DATA PROVIDED →
────────────────────

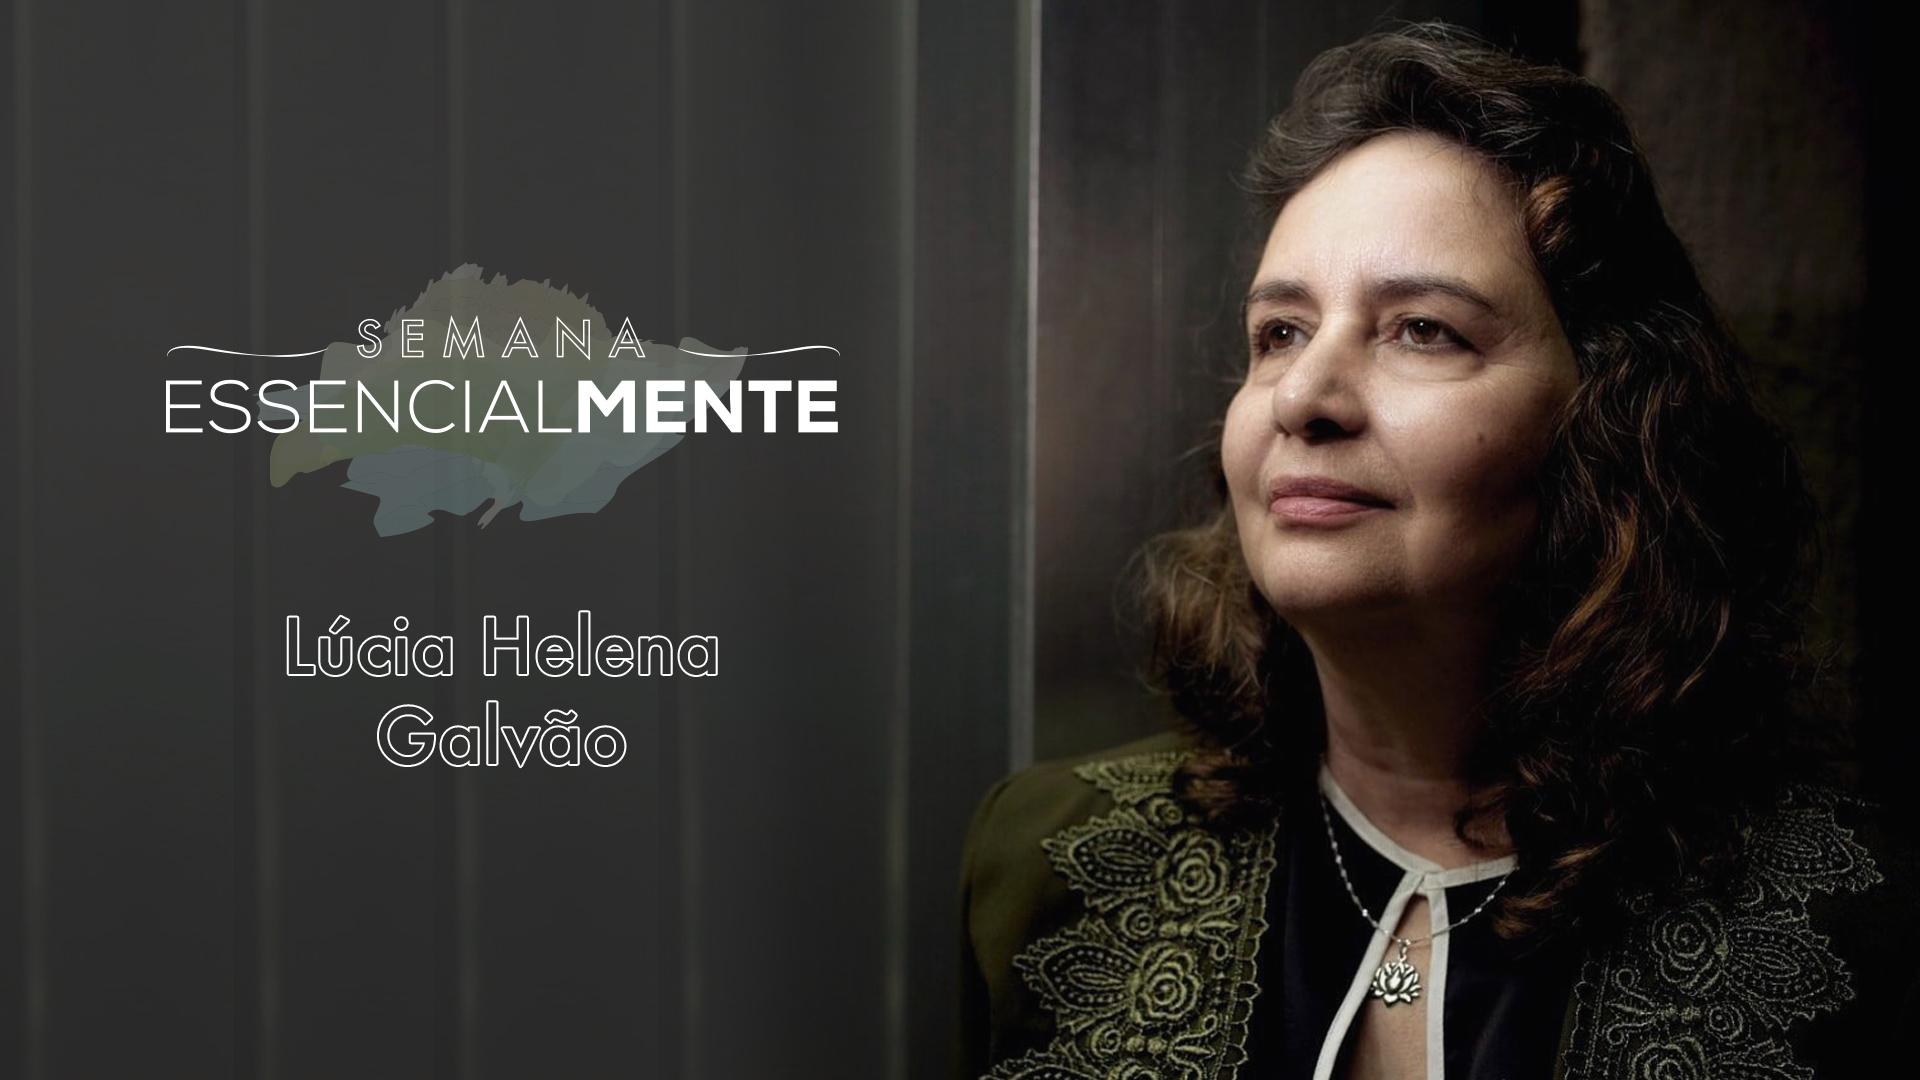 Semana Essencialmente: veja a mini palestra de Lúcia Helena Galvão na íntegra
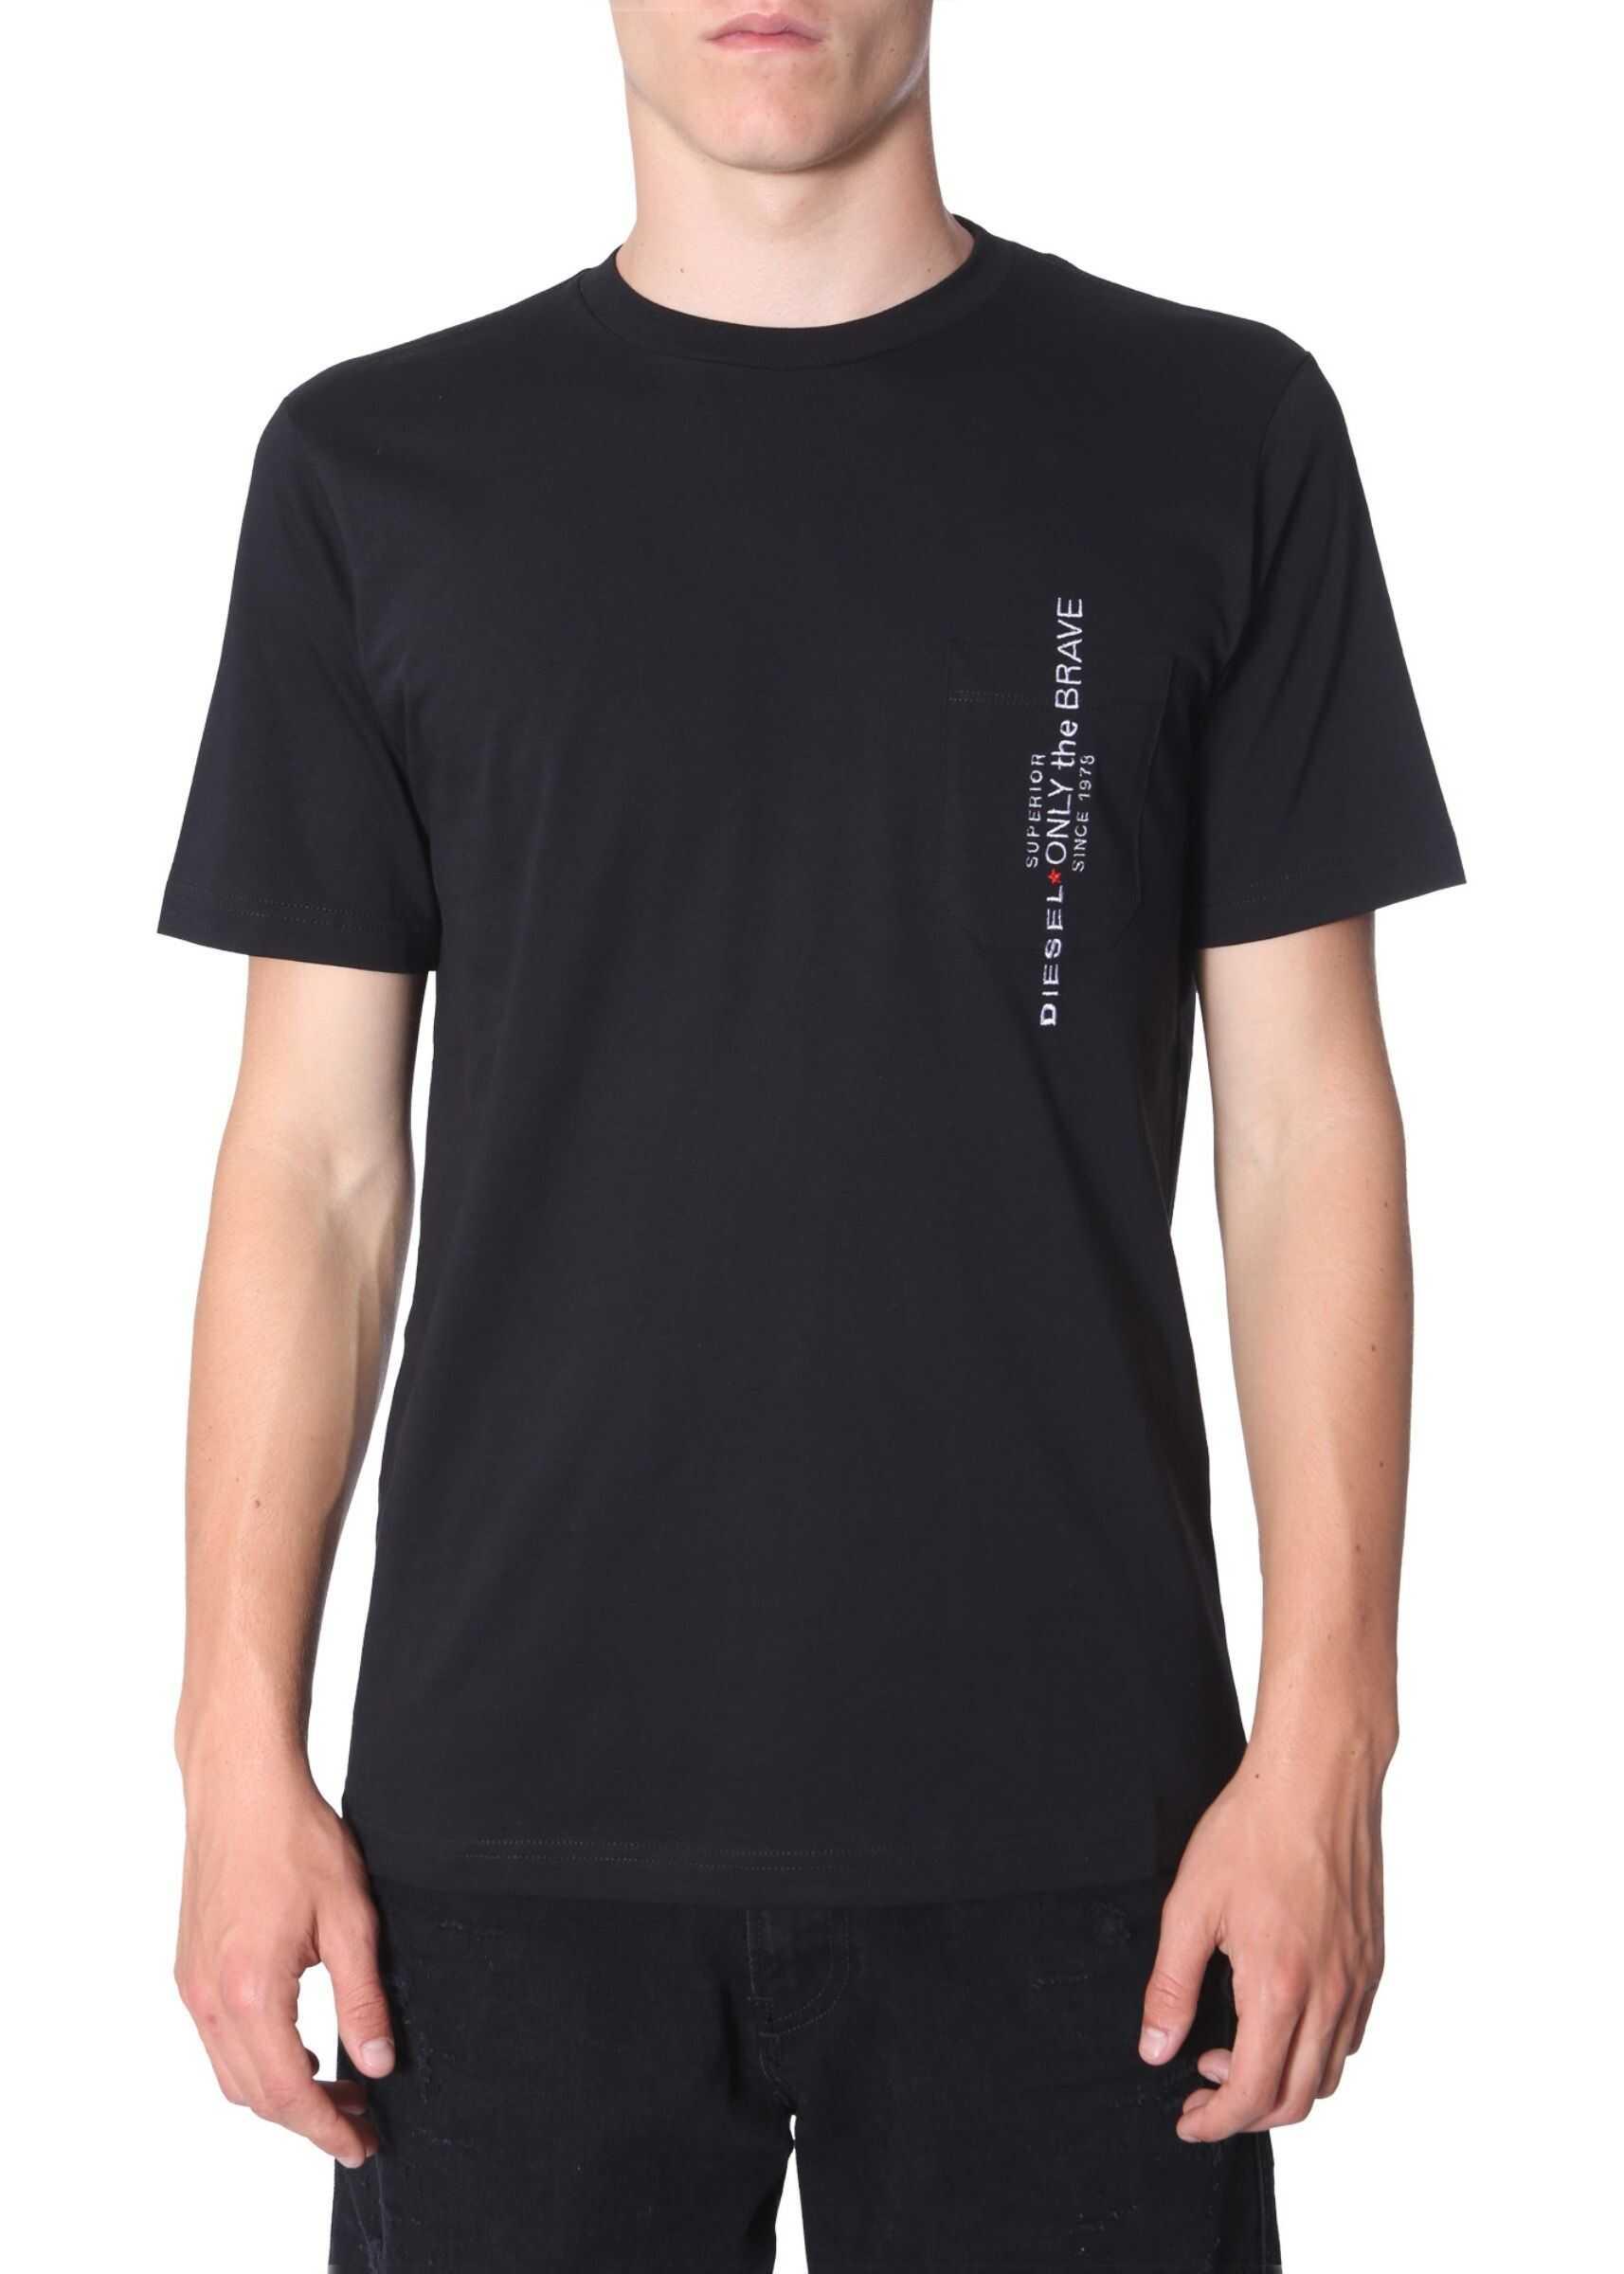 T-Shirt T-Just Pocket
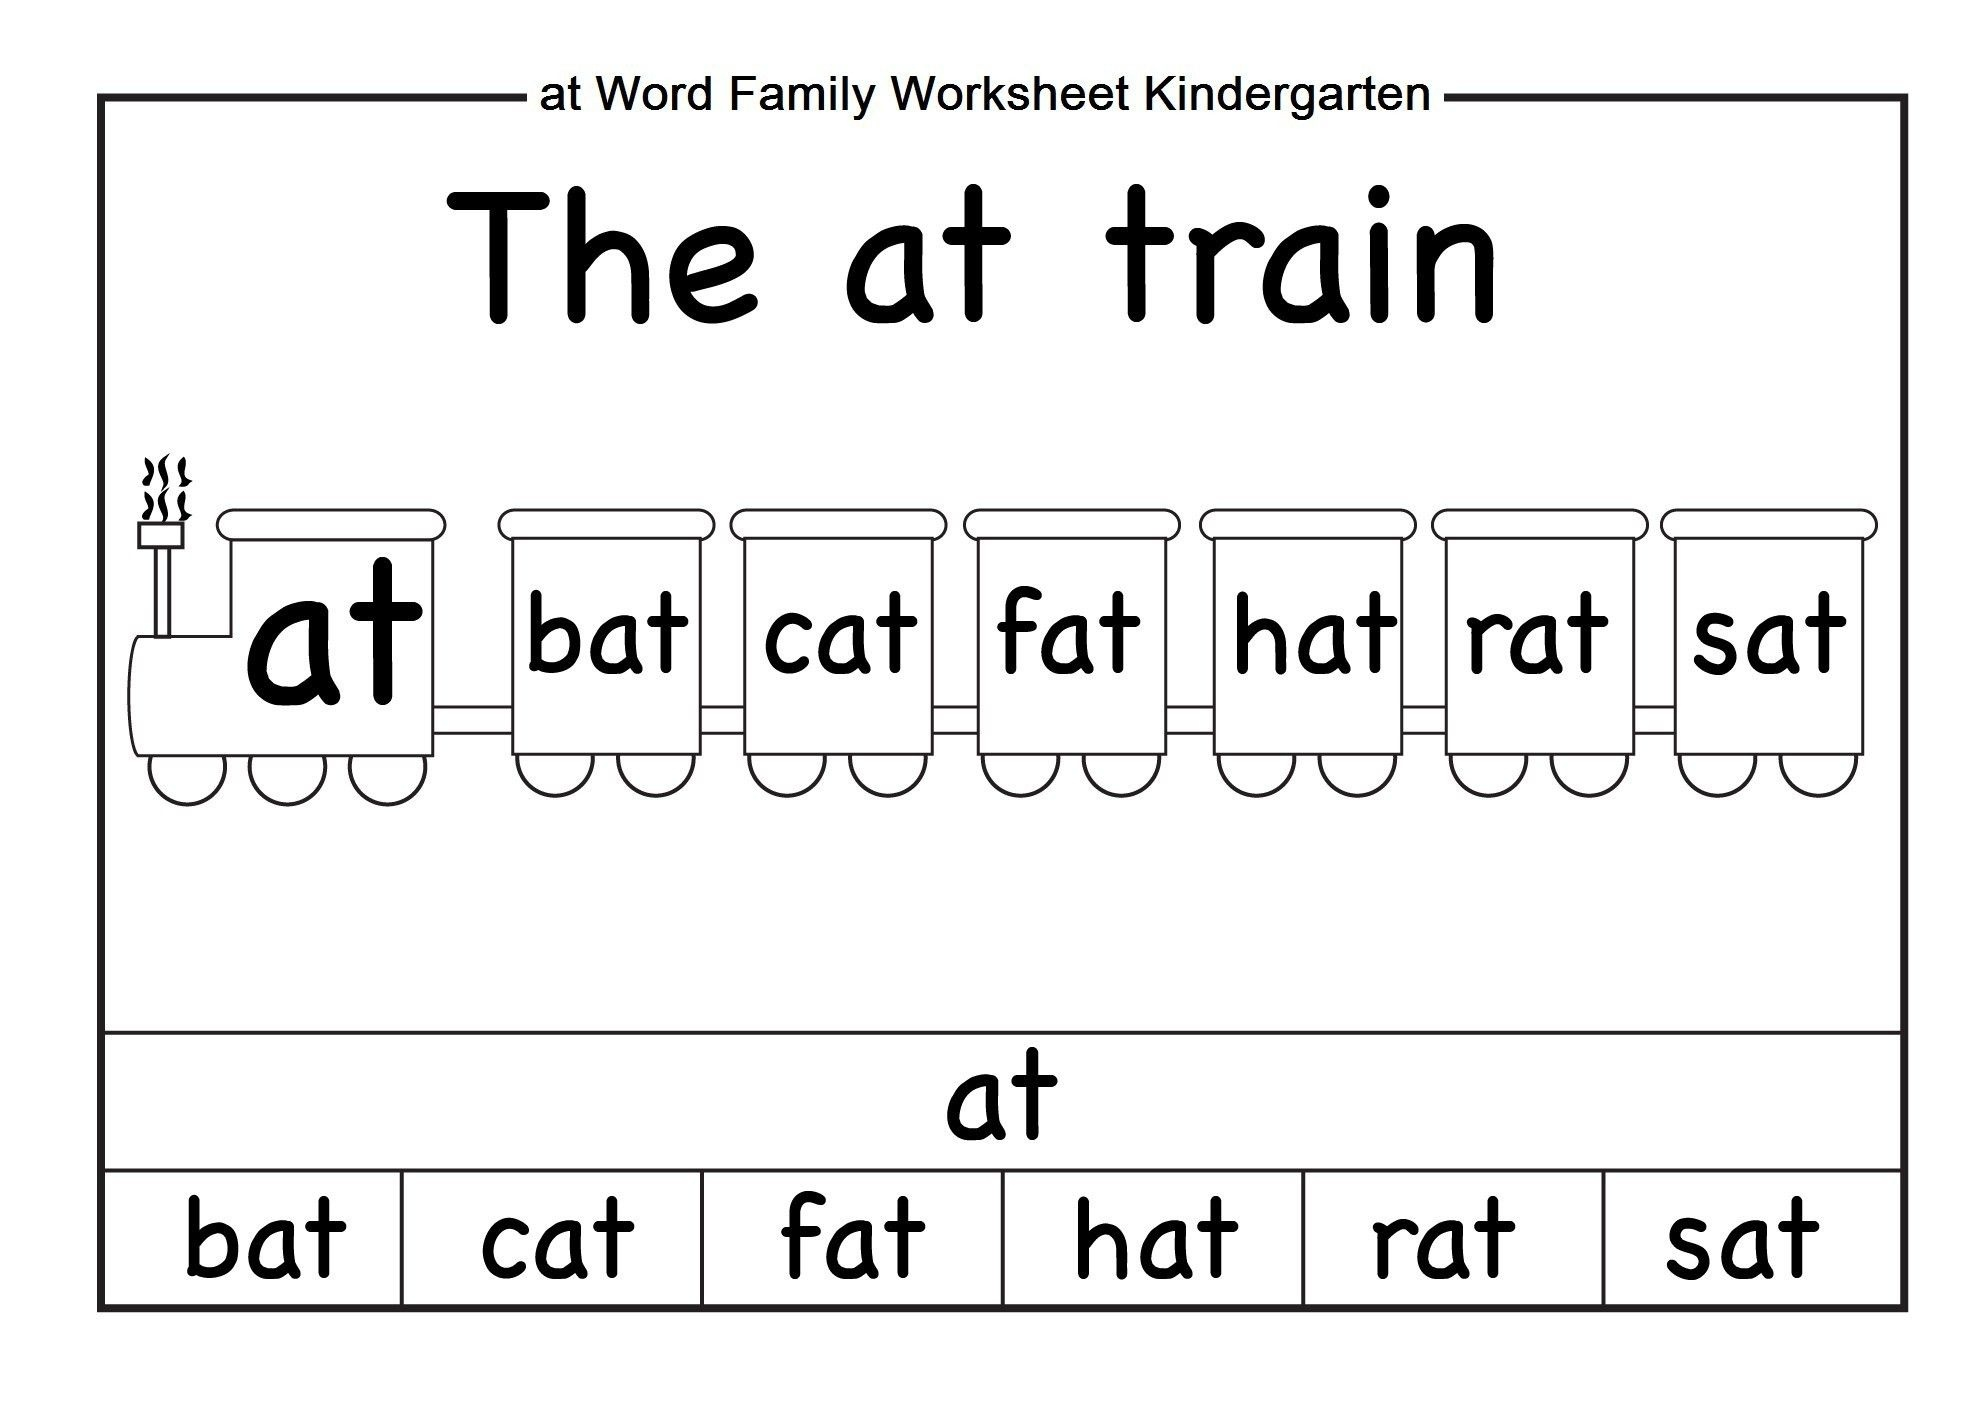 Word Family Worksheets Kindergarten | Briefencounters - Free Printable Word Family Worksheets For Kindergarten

────────────────────

EXERCISE GOAL → A verbatim rendering of the listing above is required, without any of its pictures.

ANSWER TO THIS TASK →
 Semana Essencialmente: veja a mini palestra de Lúcia Helena Galvão na íntegra
 T-Shirt T-Just Pocket
 Word Family Worksheets Kindergarten | Briefencounters - Free Printable Word Family Worksheets For Kindergarten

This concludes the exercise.